Ecco come si pone la scienza di fronte al miracolo della liquefazione del sangue di San Gennaro, tra fede popolare, tradizione e scetticismo
Gennaro, tra i santi dell’antichità, è certamente uno dei più popolari e venerati. I napoletani gli tributano un culto, testimoniato fin dal XIV secolo, fatto di passione e grande partecipazione popolare. Egli fu vescovo di Benevento e morì martire decapitato sotto l’impero di Diocleziano, nel terzo secolo d.C.

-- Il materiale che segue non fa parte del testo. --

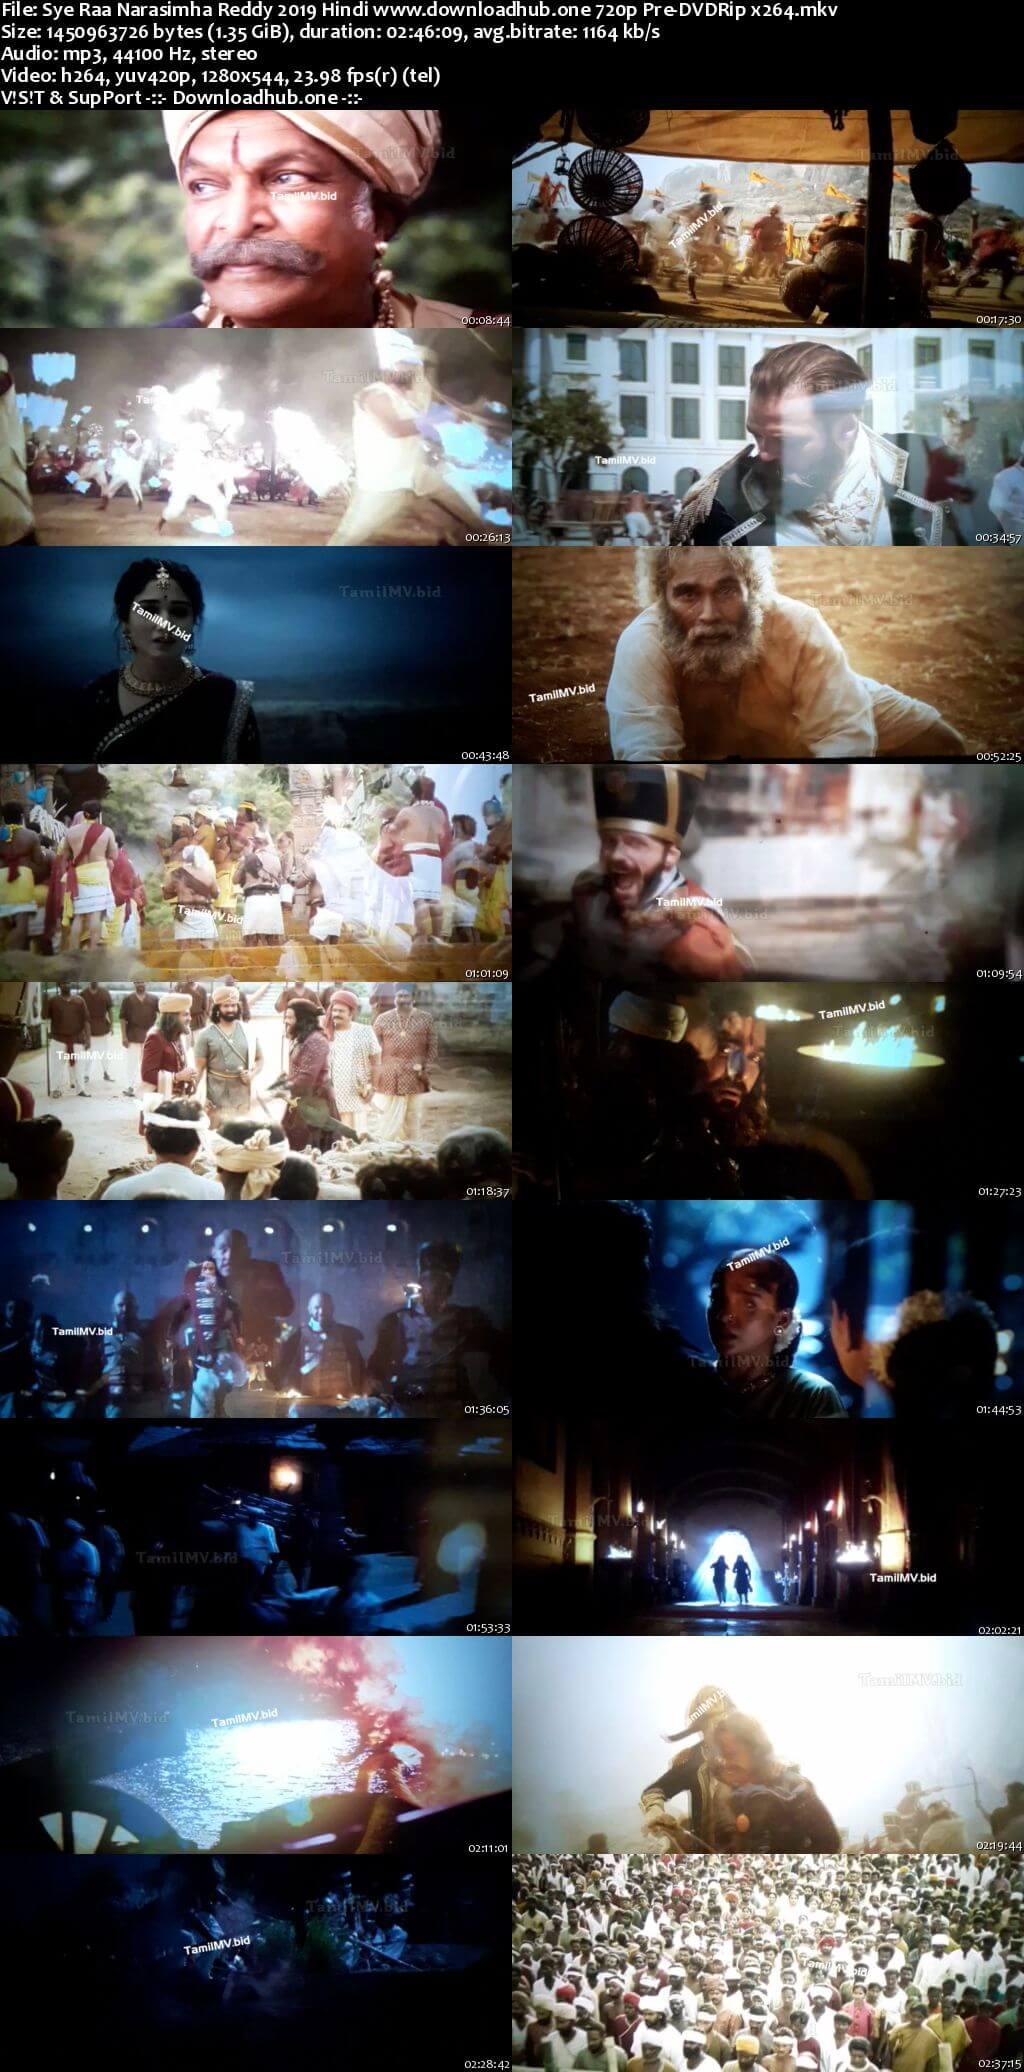 Sye Raa Narasimha Reddy 2019 Hindi 720p Pre-DVDRip x264

La venerazione delle reliquie, due ampolle contenenti il sangue del martire, oggi conservate nel Duomo della città, è legata a prodigi ed eventi straordinari fin dai primi secoli del cristianesimo, in particolare durante terremoti ed eruzioni del Vesuvio in cui i fedeli chiedono la sua intercessione. Non ultima quella del 1631 in occasione di una distruttiva eruzione del vulcano.
Secondo la tradizione l’evento miracoloso avviene 3 volte l’anno: il primo sabato di maggio, il 19 settembre e il 16 dicembre. A settembre le relique vengono esposte sull’altare maggiore del Duomo e dopo ripetute preghiere, in presenza del cardinale arcivescovo, avviene la liquefazione del sangue tra l’entusiasmo dei fedeli. La reliquia rimane esposta per 8 giorni, in cui è consentito avvicinarsi e baciarla.
La Chiesa, nonostante la devozione dei napoletani, però non parla ufficialmente di miracolo, ma di fenomeno inspiegabile, di prodigio. Questo non limita la venerazione delle reliquie che rimane tuttora salda nella città. In realtà, non vi certezza che nelle ampolle sia veramente conservato il sangue del martire. La scienza ha provato più volte a spiegare l’evento.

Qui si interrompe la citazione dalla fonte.